Nottingham offers huge potential if land supply is addressed to deliver more modern commercial buildings

Matthew Smith, lead director of the Nottingham offices of JLL. Picture by: Shawn Ryan.

Nottingham is well placed to benefit from companies looking to north shore, said JLL at its annual property predictions event, as rising house prices in London and the southeast drive large corporates out of the capital.

The housing crisis is becoming less of a social policy issue and more of a economic one, said Jon Neale, JLL’s head of research: “Businesses are now raising this as a major concern as London’s competitiveness is being damaged by the inability of its workforce to find anywhere affordable to live and Nottingham is towards the top of its list for locations to move more secondary staff to.”

Matthew Smith lead director of the Nottingham offices of JLL said: “With cranes now back on the skyline, new infrastructure and an ever improving retail and leisure offer, the city has become a stronger magnet to office occupiers, resulting in take up predicted to be up by 15% in 2015. For businesses now, it’s all about the location that really works for their staff, clients and to attract new talent. With two strong universities, Nottingham provides an attractive proposition to companies looking to north shore and keep their competitive edge.

“This is also an influencing factor for many companies looking to return from the outer town locations to in town, where Nottingham rents are comparable, so the transition is easier and increasingly the accessibility and amenity offer in the city is what young, aspirational generations demand. For out of town locations to survive they will need to differentiate themselves by amenity, infrastructure or price.”

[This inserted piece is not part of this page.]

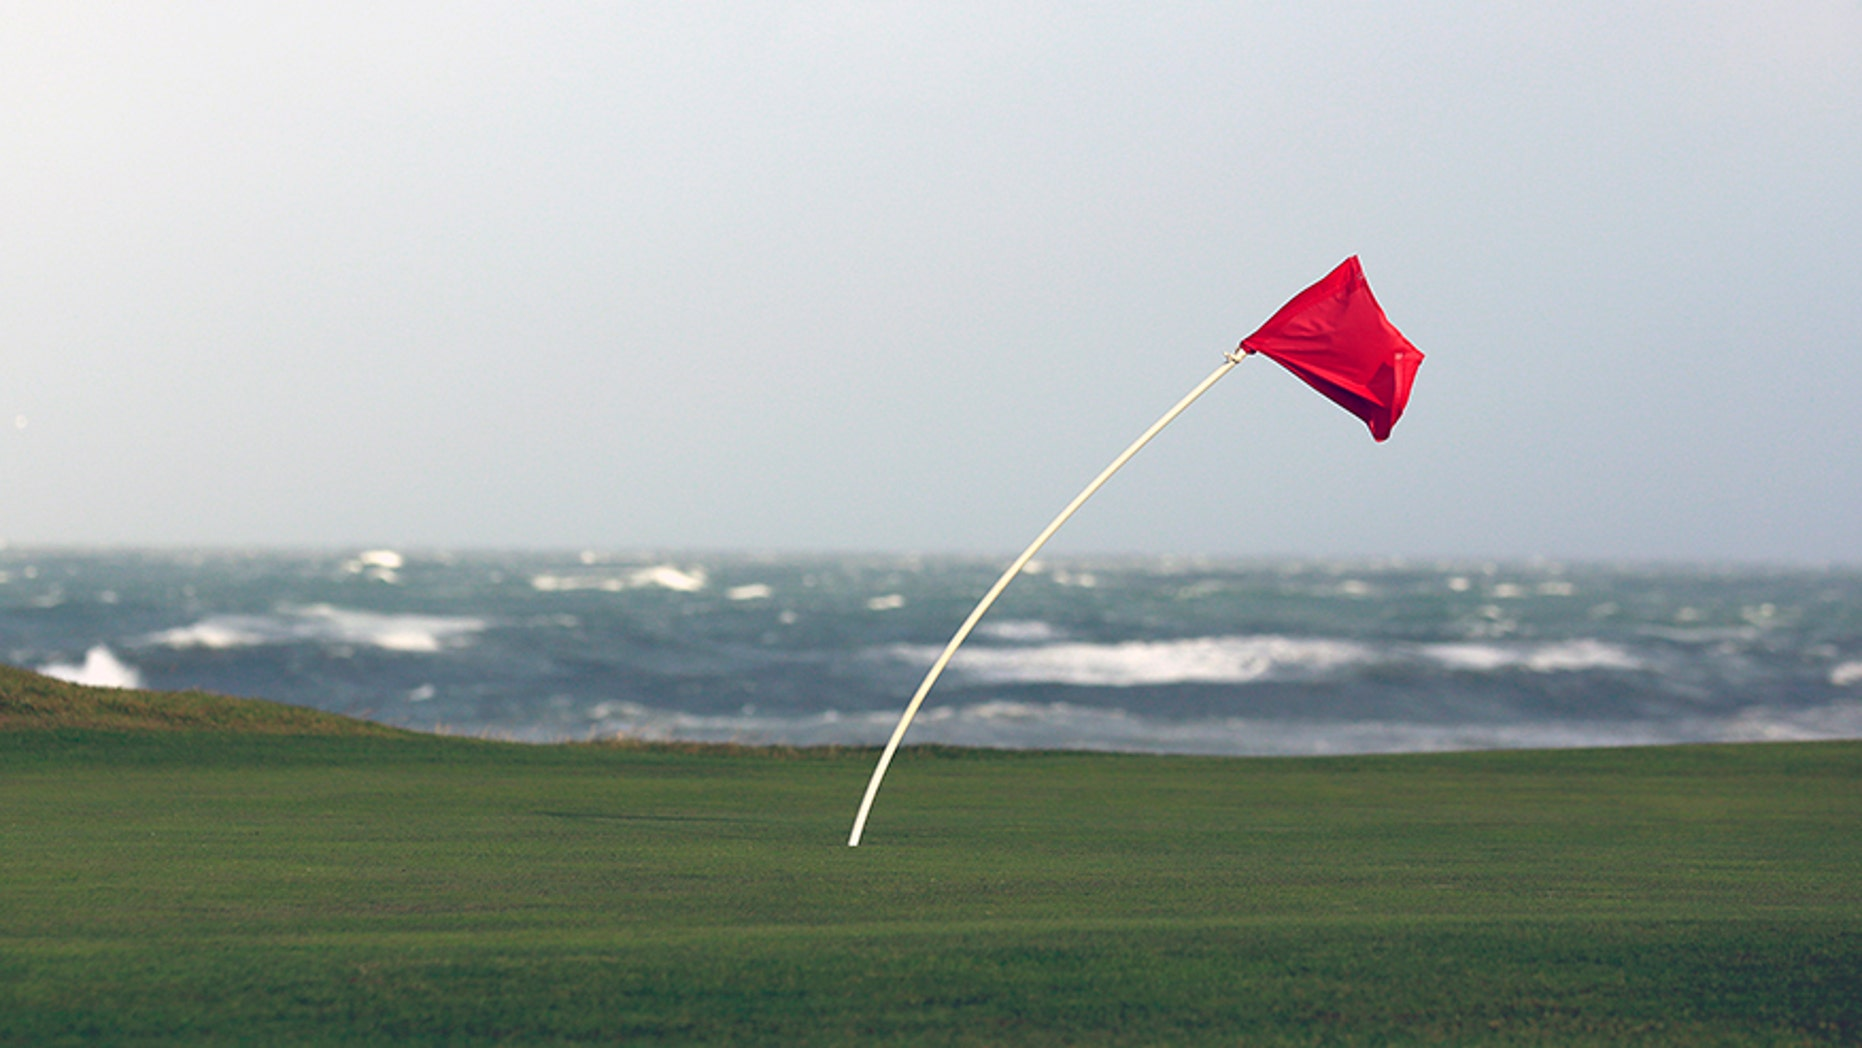 A South Carolina couple was caught having sexual intercourse on a golf course.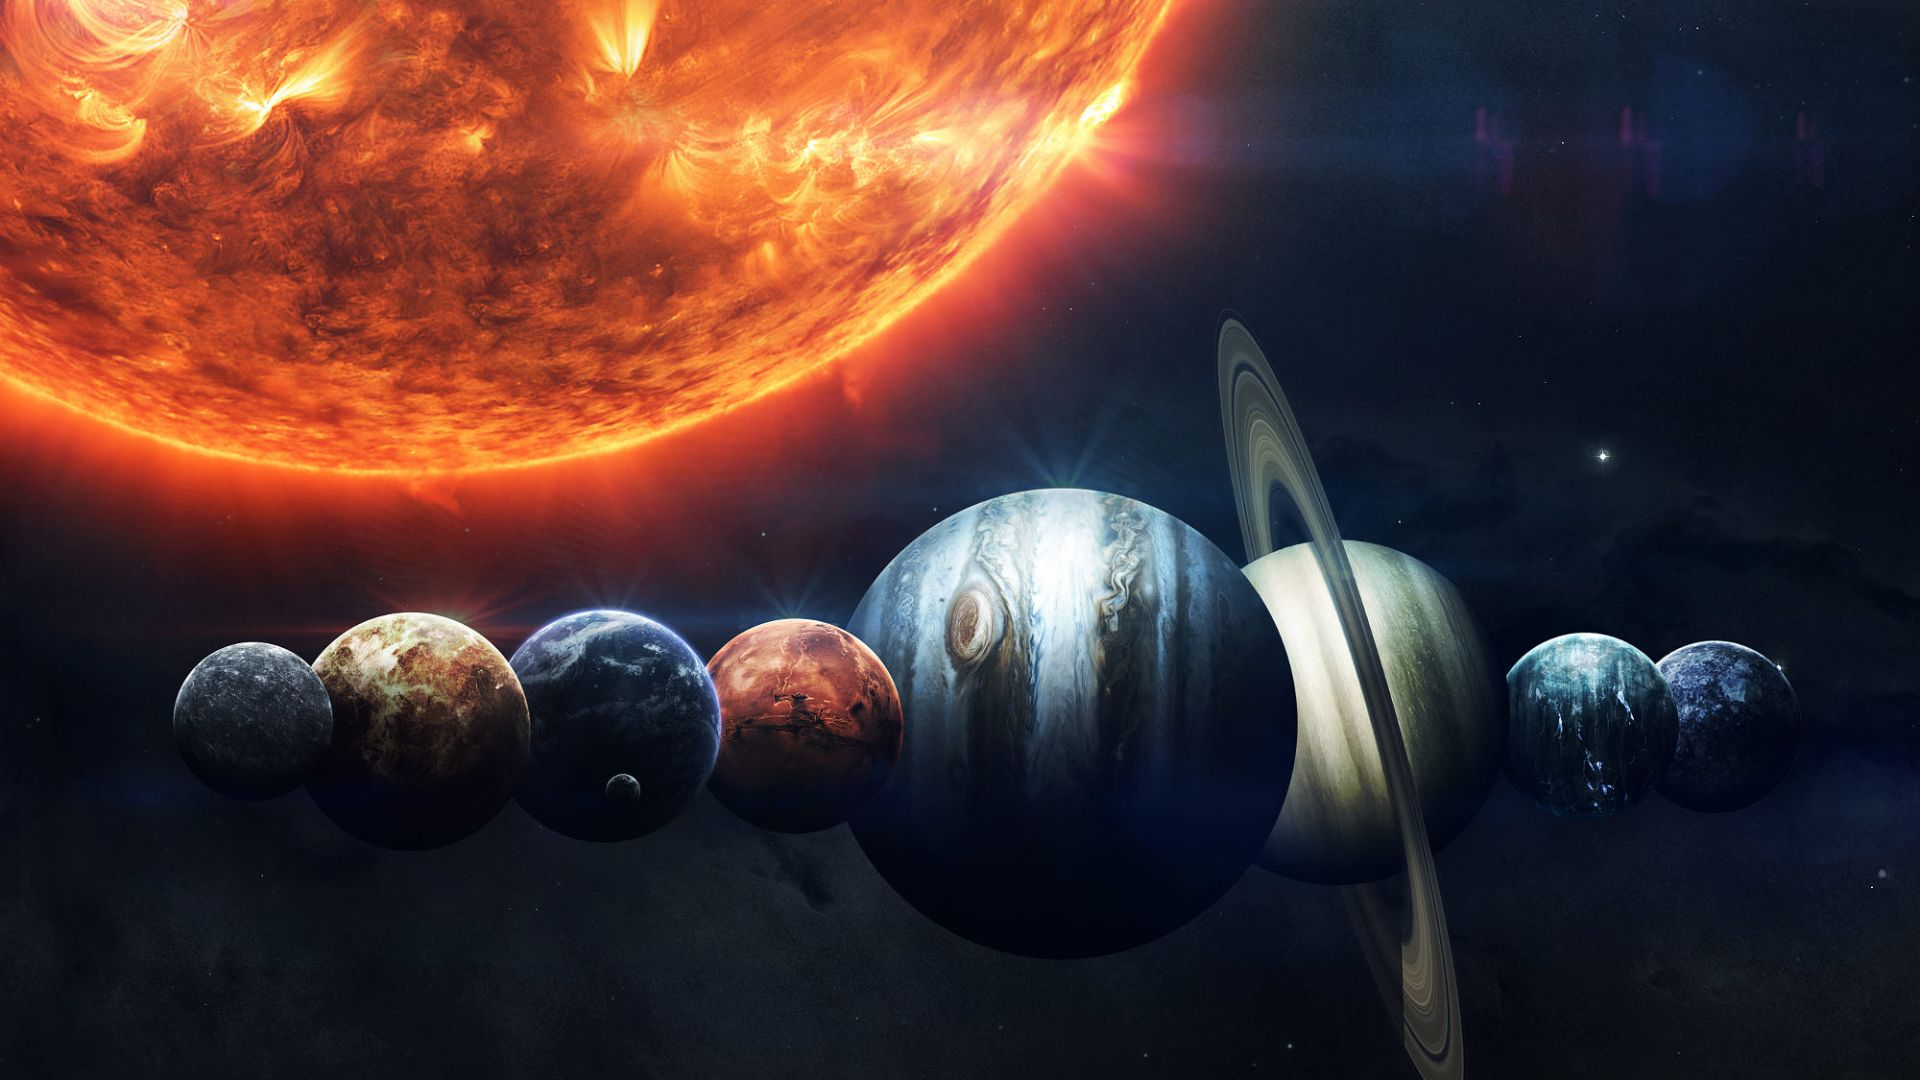 Wallpaper Sun Planet Hd Space 16032

Rents will continue their upward trend in 2015 Matthew continued: “The East Midlands supply remains tight and the prospect of new development being delivered in 2016 is limited. This weight of latent and competitive demand will help increase rents further, with office rents expected to approach £20 per square foot in 2016. Similar drivers apply to the industrial markets. There are core markets within the East Midlands, with almost no modern stock and the impact this is having on economic growth is now on the radar of the local politicians and city leadership.

“Land supply remains one of the key constraints on delivering new and efficient commercial space into the region. A protracted and politically weighted planning system has failed to facilitate demand, with a lack of real synergy between our city and outlying councils. The North Midlands devolution agenda will help alignment but in the meantime we have to deal with these land supply challenges. We consider the demand is there for speculative development to commence both in the office and industrial market – the lease data supports this and we believe as land does come forward in 2016, we will see a commitment to build speculatively.”

JLL completed four million square foot of industrial deals in the Midlands in 2015, predominately big sheds  -100, 000 sq ft and over.  However in 2016 Matthews said he saw speculative building returning for new ‘urban logistics’ units 15-100,000 sq ft – an event not witnessed for nearly 10 years.

Urban Logistics units too will be attracting investors says Allan Wilson, director and head of investment at JLL. “A return to the classic multi-let unit will be seen and smaller units capable of “last mile delivery”.

Matthew concluded: “There is definitely an optimistic mood for 2016 and whilst geopolitical issues such as BREXIT may create a pause, we believe Nottingham has the potential to move forward if more proactive and commercial public sector intervention takes place to address office and industrial shortages to enable strong local economic growth.”